DIAMOND: We could get married and open up a B&B.

HOROVITZ: Not in New York, we couldn’t.

DIAMOND: This is true. We would have to move to Vermont for that, where it’s legal.

HOROVITZ: Me and you in Vermont at a B&B sounds beautiful, Mike.

DIEHL: You guys were recently nominated for the Rock and Roll Hall of Fame, but didn’t get in.

HOROVITZ: Part of me feels it’s better we’re not in the Rock and Roll Hall of Fame. We’re still a band, and what made us passionate about music is that we were the little punk-rock kids at school who were not into the prevalent popular music.

DIAMOND: I don’t think Devo is in the Rock and Roll Hall of Fame.

HOROVITZ: I know the B-52’s aren’t.

DIAMOND: The Sex Pistols turned them down.

HOROVITZ: That’s what I’m saying. If those groups aren’t in the Rock and Roll Hall of Fame, then why would we want to be in there?

DIEHL: Well, because you guys have been around so long, it seems like all of these people of different ages have their own connections with your music. We’re now talking about multiple genera tions of people who have discovered your music and grown up with it and had it become a part of the soundtrack of the lives.

DIAMOND: It’s what happens when you’ve been in the game a long time.
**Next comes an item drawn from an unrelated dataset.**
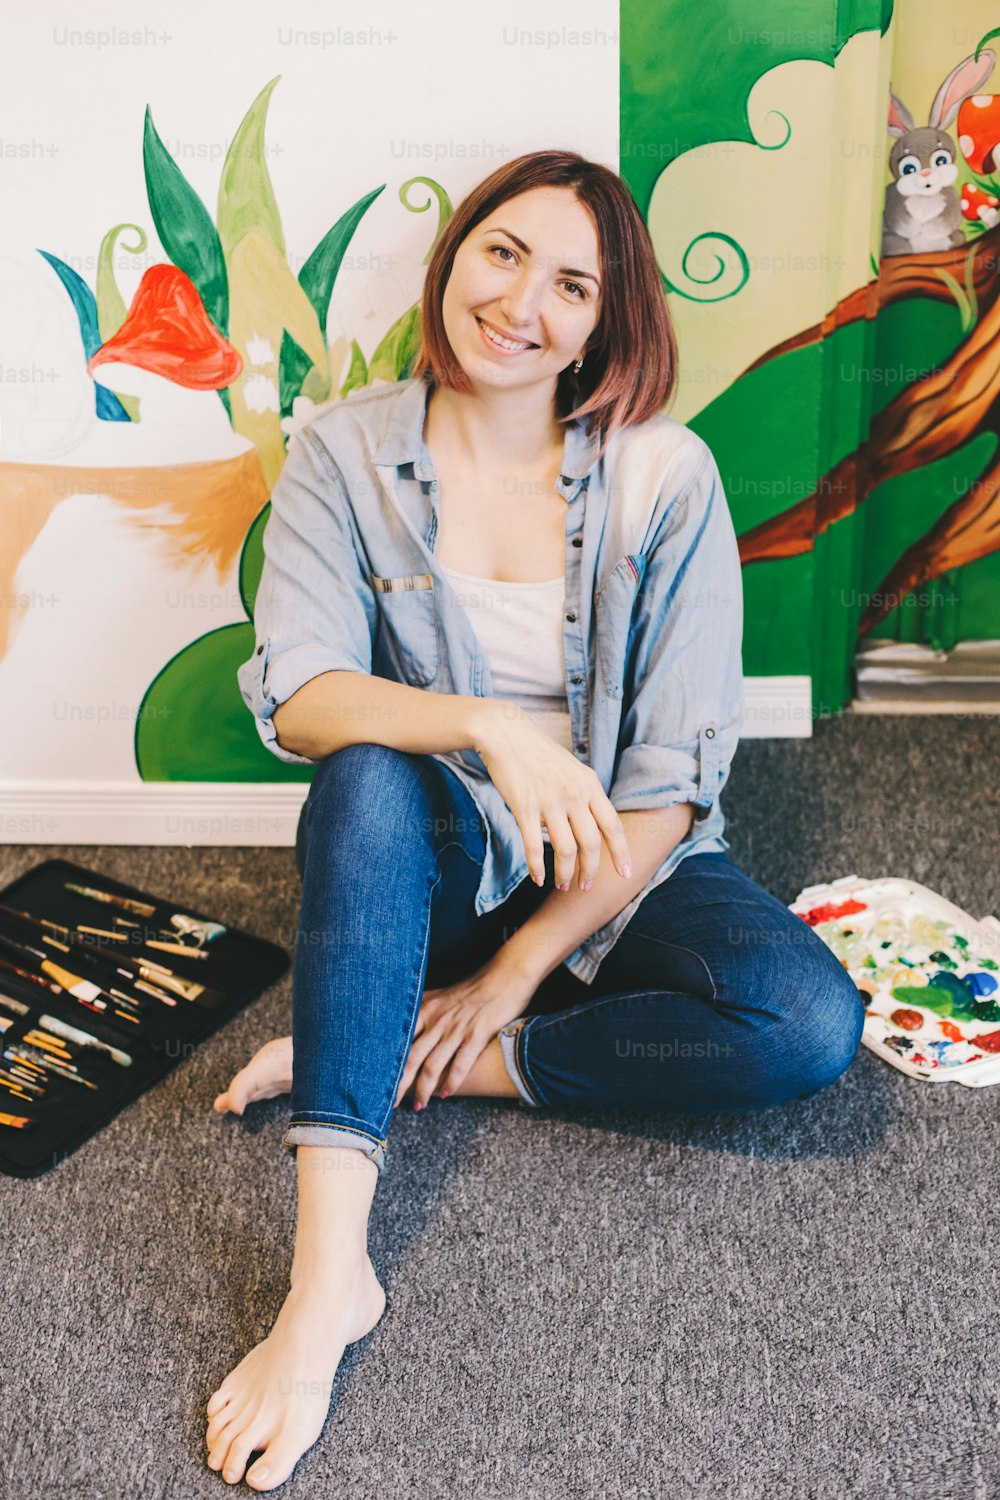 Artiste femme caucasienne se détendant après avoir peint à la main des peintures murales sur les murs intérieurs de l’appartement ou de l’école de studio avec des peintures acryliques. Passe-temps créatif et concept d’emploi parallèle de travail artistique indépendant.

We had to grow up in a very public way. Then all the people who started listening to us had to go through those things in their own way as they grew up. That’s the thing with all of us music geeks—music is the soundtrack to the things that happen in our lives, and there’s music that’s unique to that movie.

HOROVITZ: I don’t know if this has anything to do with what you’re saying, but I think that because we’ve been around for so long and we really don’t make many records, we’ve all sort of grown together. But if we’d been putting out a record every year, you wouldn’t be able to see that growth in the same way.

DIAMOND: It’s like when you’re around your kids all the time, then you don’t really notice they’ve grown. Then they see Grandma and she’s like, “Oh, my god, look how big they’ve gotten!”

HOROVITZ: It’s like if your uncle fucks up bad, but then kind of gets his shit together.

Matt Diehl is a contributing music editor for Interview.